L’autre jour, l’une des premières choses que m’a dit le couple qui me consultait c’est qu’iels cherchaient un.e thérapeute qui ne les jugerait pas, ni l’un.e, ni l’autre.
Et puis, 2 jours plus tard, je tombe sur une vidéo de @lucaslepsy, dans laquelle il expliquait que parmi les raisons qui poussent les individus à « consulter » l’IA plutôt qu’un psy il y a la peur du jugement…
Tout ça m’a interpellé. Dans mon imaginaire, le.a psy, le.a thérapeute, c’est justement THE personne qui n’est pas là pour te juger. Comment en sommes-nous arrivés là ?
Déjà, c’est quoi la peur du jugement ?
C’est la crainte d’être mal évalué·e, critiqué·e, rejeté·e ou perçu·e négativement par les autres. Elle touche l’image de soi, l’estime personnelle et le sentiment de sécurité.

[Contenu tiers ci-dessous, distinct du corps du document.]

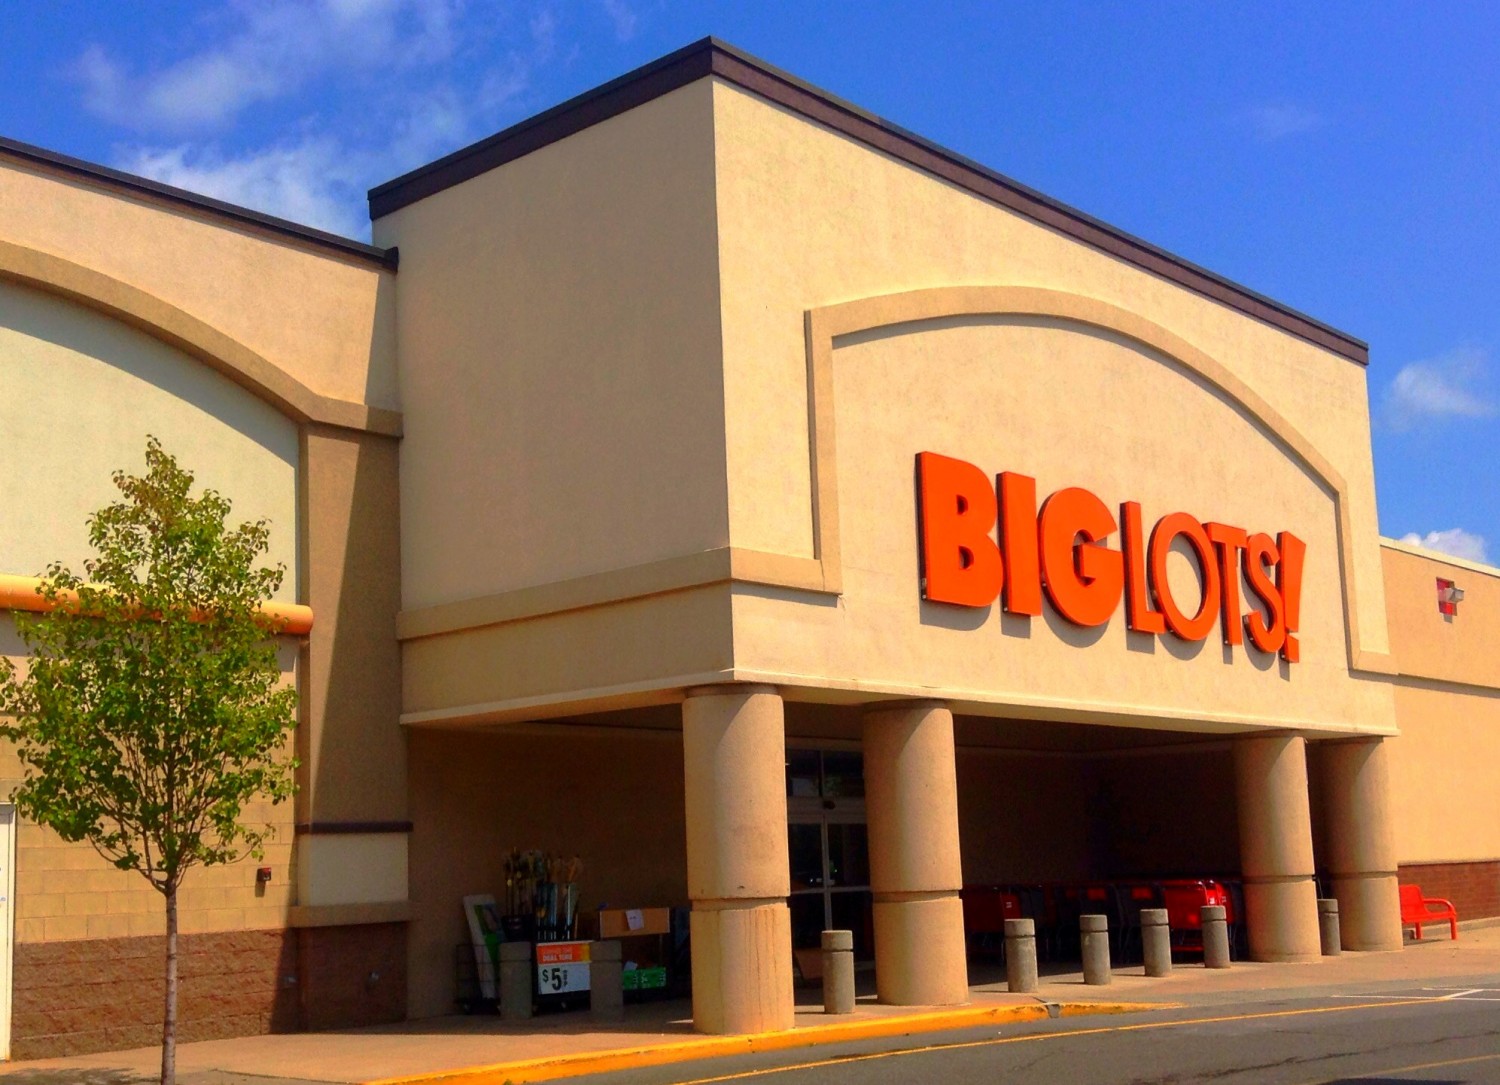 Big Lots Coupon Saves You Up To $100 - DWYM

En soi, c’est donc une réaction humaine normale, mais ce mécanisme de protection peut devenir limitant et souffrant lorsqu’il influence les choix, les comportements ou la liberté d’être soi. Je rappelle que nous sommes des êtres sociaux, être accepté par le groupe, c’est humain et primordial.
Ainsi, la peur du jugement se construit souvent très tôt. Elle est influencée par l’environnement familial et les expériences relationnelles : la manière dont on a été regardé·e, encouragé·e, critiqué·e ou soutenu·e. Quand l’affection, la sécurité ou la valorisation dépendaient du fait de “bien faire”, le cerveau apprend vite que l’erreur ou l’imperfection peuvent mettre le lien en danger.
Enfin, elle est amplifiée par le contexte social et culturel : normes de performance, pression esthétique, réseaux sociaux, injonctions de genre. On vit dans un monde de performance, même individuelle, où l’on est constamment observé·e, évalué·e, commenté·e — ce qui active naturellement cette sensibilité au jugement.
On en arrive donc au point où on pense que même des professionnels formés pour nous accompagner sur des thématiques sensibles peuvent nous juger. Et bien sûr qu’il y a des professionnels (de santé, thérapeutes, psy etc…) qui peuvent le faire, manquent cruellement d’empathie et de d’accueil de l’autre dans son individualité.
Parfois, l’alliance thérapeutique ne se fait pas, sans que cela ne révèle une quelconque faute du thérapeute. Alors si vous ne le sentez pas, si vous ressentez une gêne au fond de vous, ne forcez pas.
La peur du jugement n’est pas une fatalité. Elle se travaille, se régule, se transforme. Pas en “se forçant à ne plus avoir peur”, mais en rééduquant doucement nos habitudes de pensées, l’estime de soi et les habitudes relationnelles. On trouve toujours la bonne personne qui nous accompagnera sur un bout de notre chemin.